→ ASSIGNMENT
Skipping all pictures, print exactly the lines below from the one with "Clean-&-Facili" through the final line.

→ RAW DATA

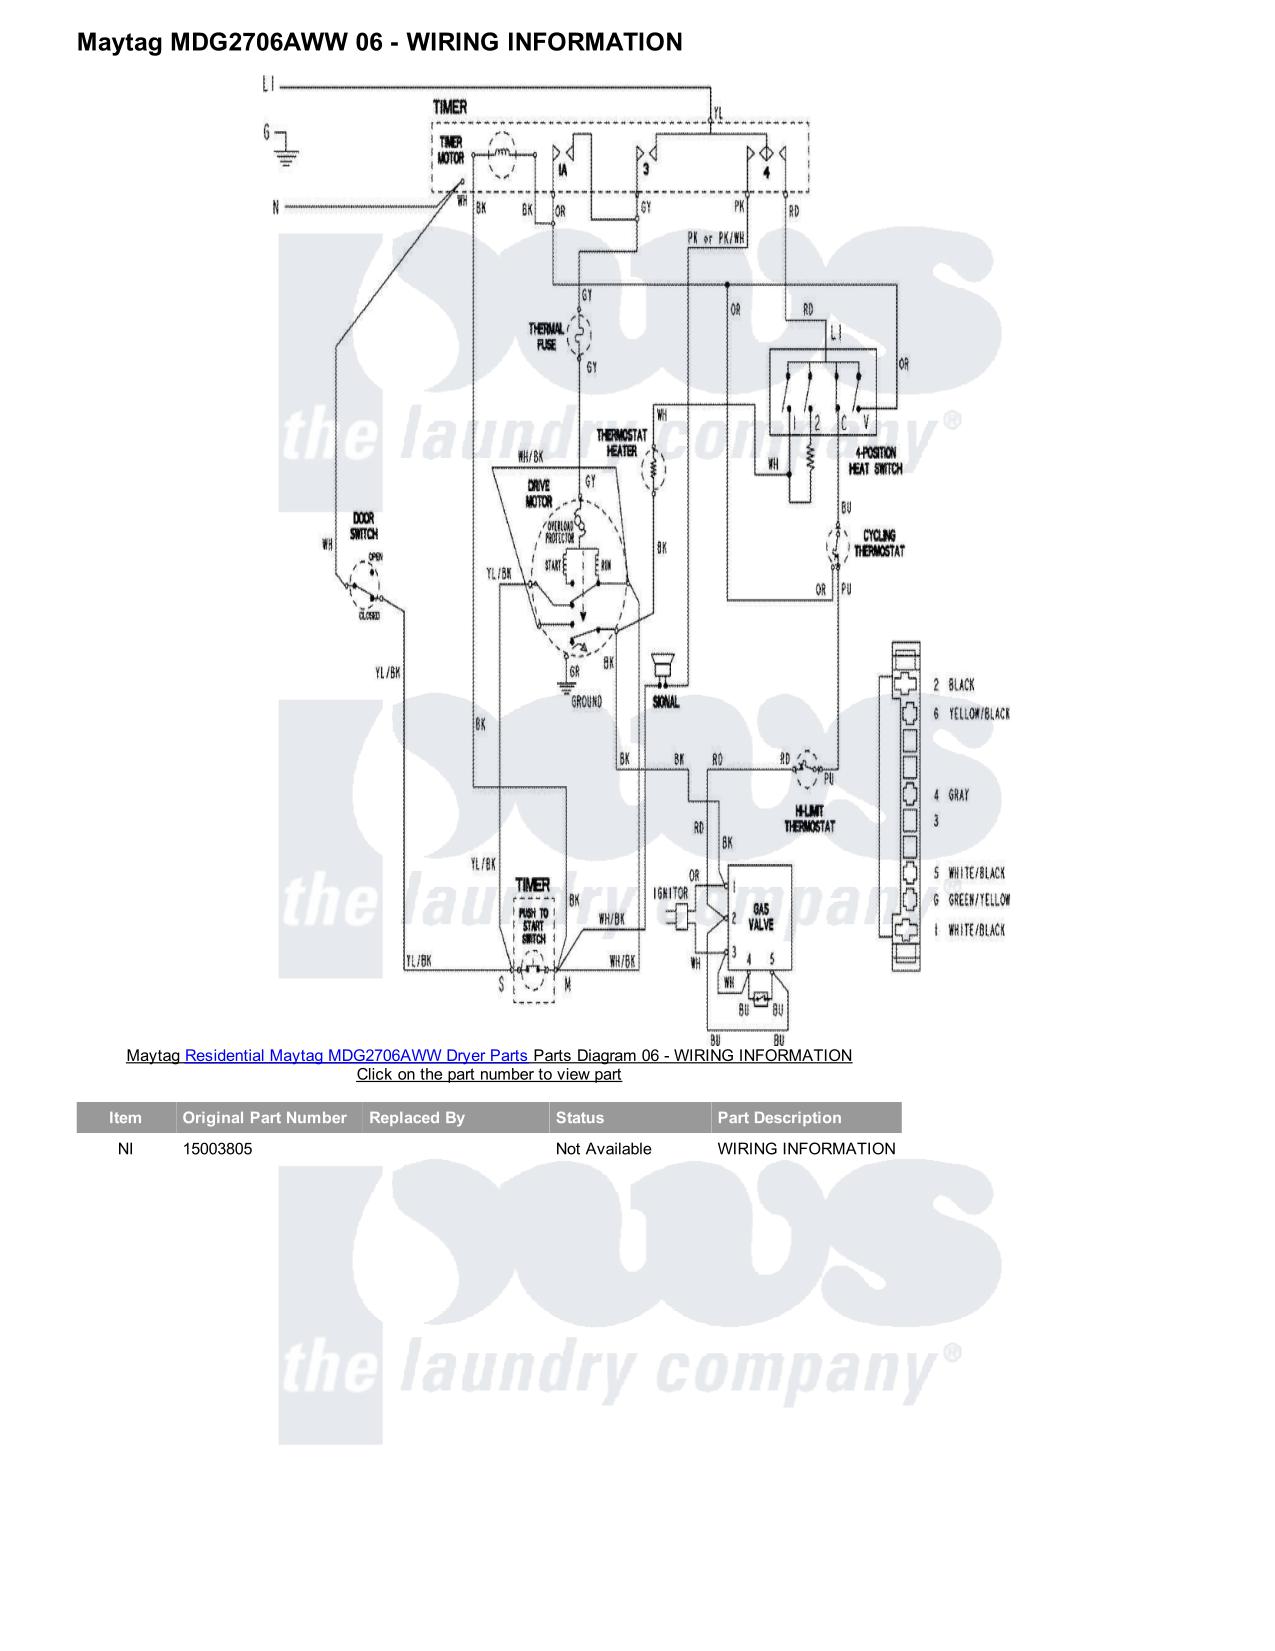 28 Wiring Diagram For Maytag Dryer Motor
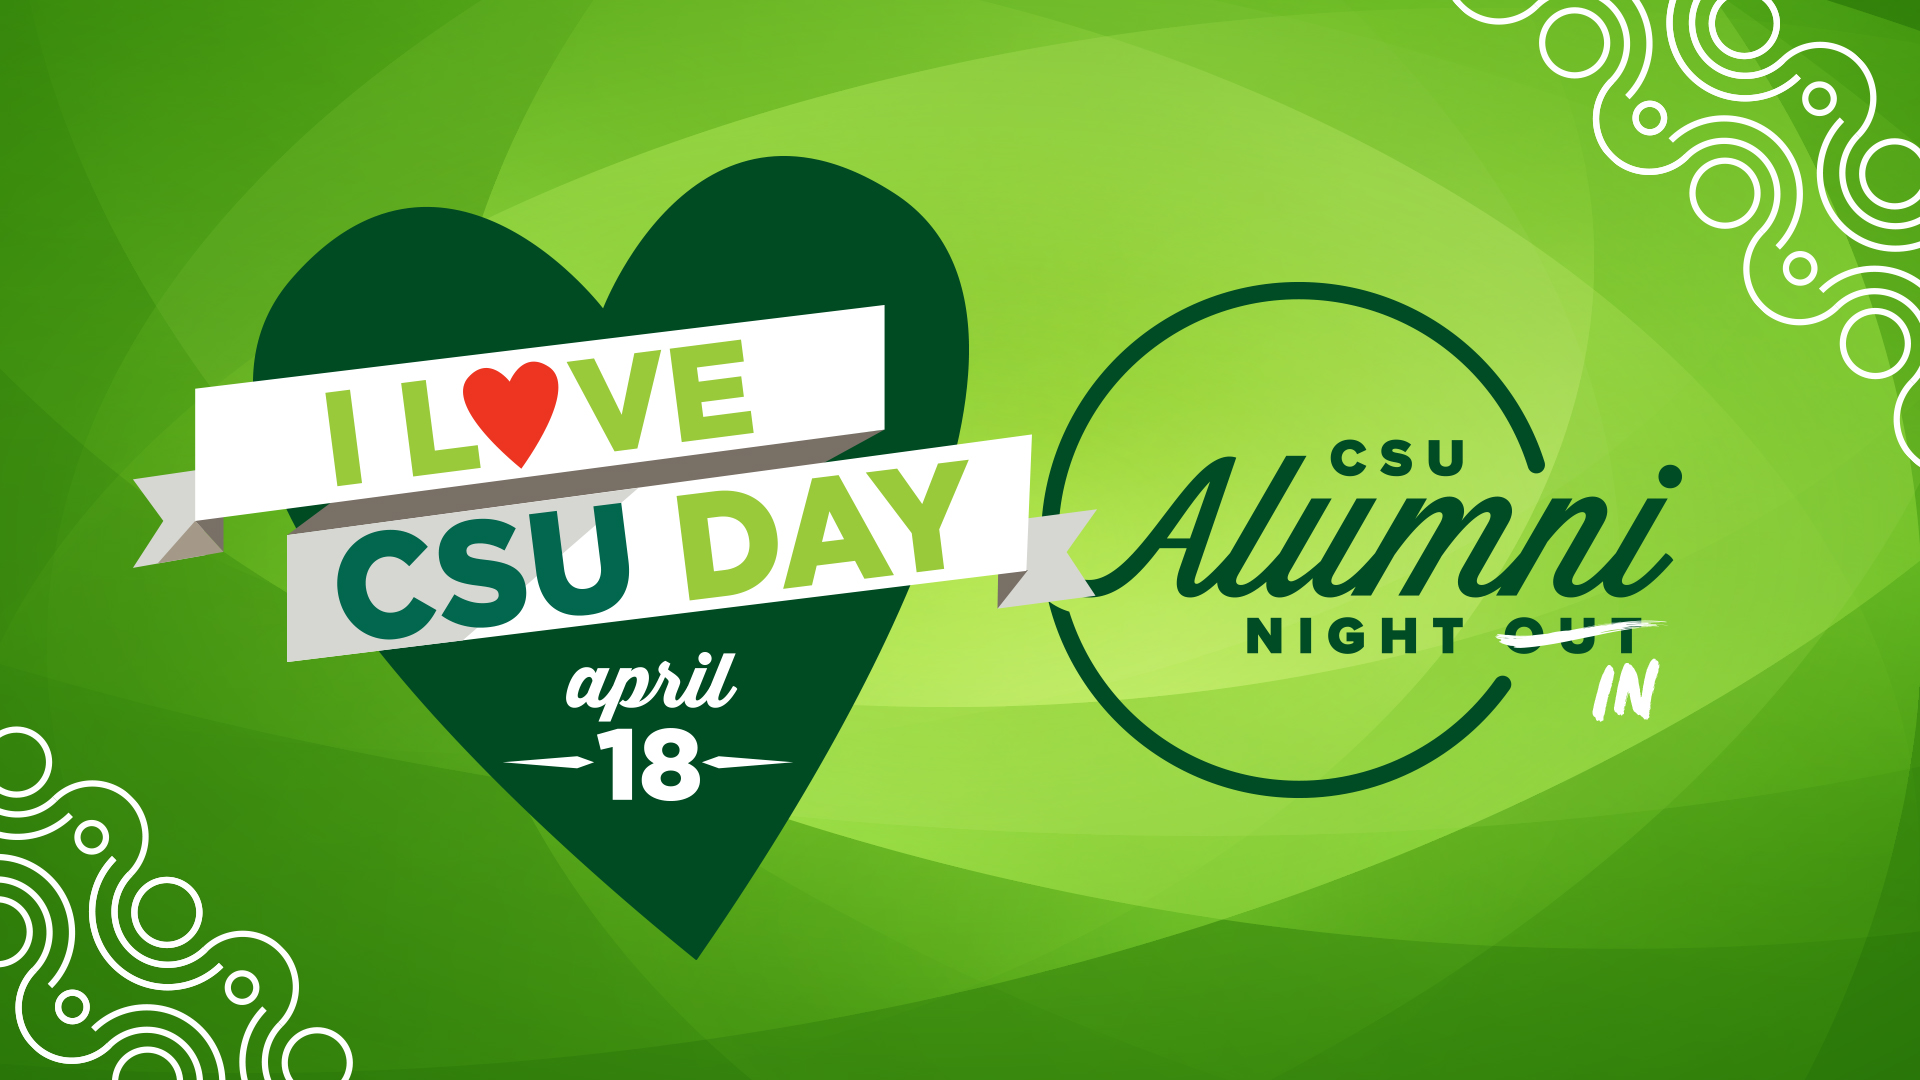 Image for Alumni Night In: I Love CSU Day Trivia webinar
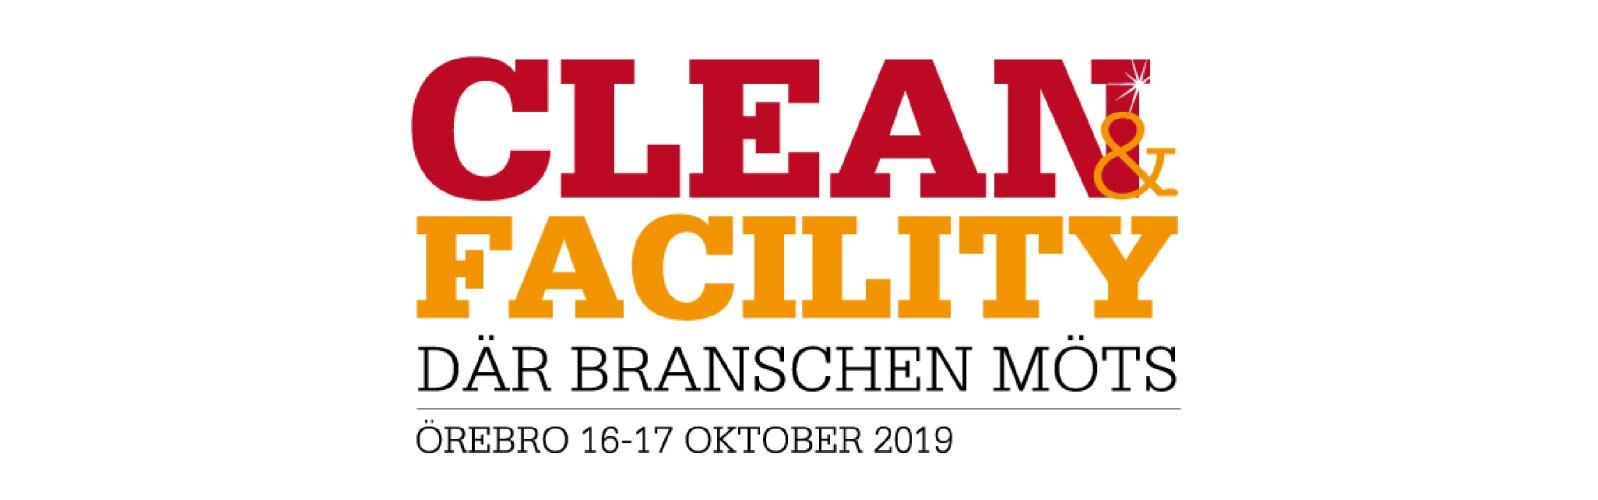 Clean-&-Facility-logo_Örebro-2019_original.jpg
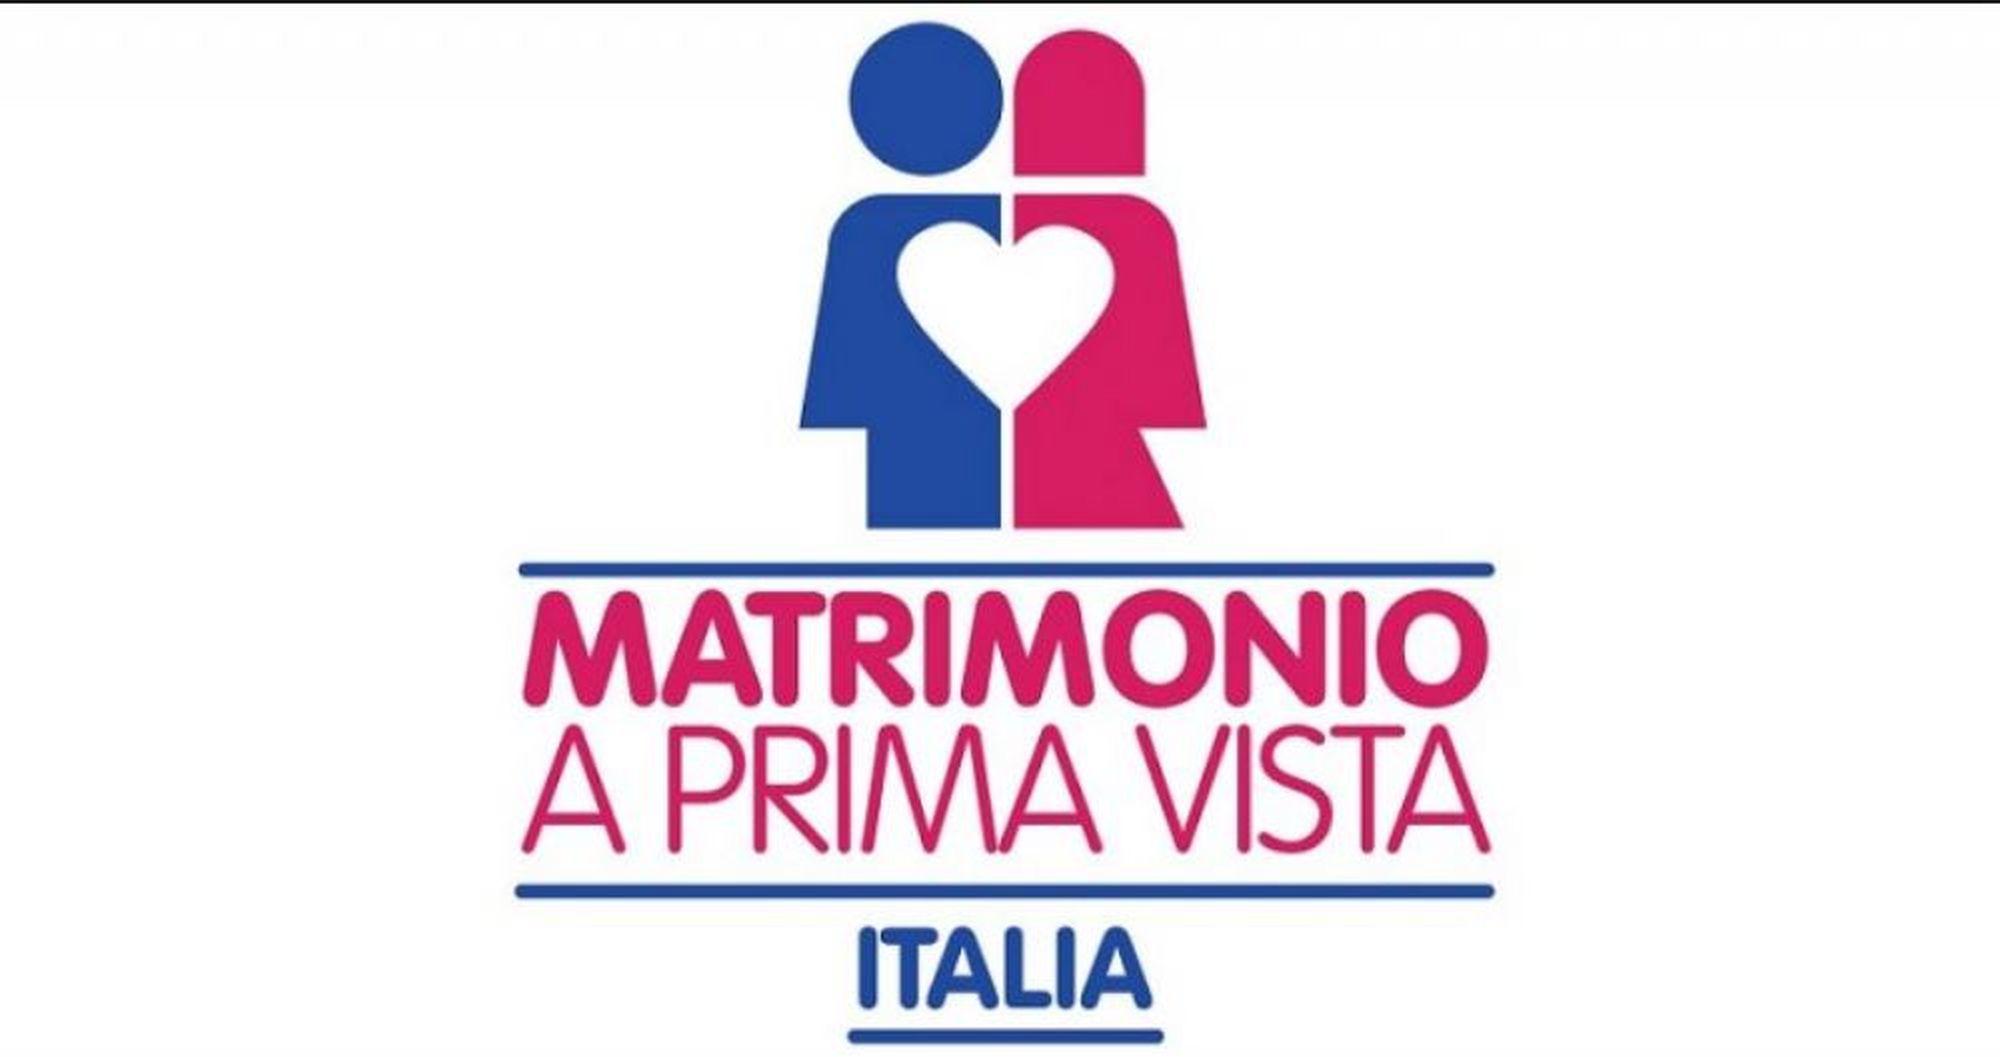 Matrimonio a prima vista Italia 5: protagonisti

→ TASK RESPONSE
 Clean-&-Facility-logo_Örebro-2019_original.jpg
 Matrimonio a prima vista Italia 5: protagonisti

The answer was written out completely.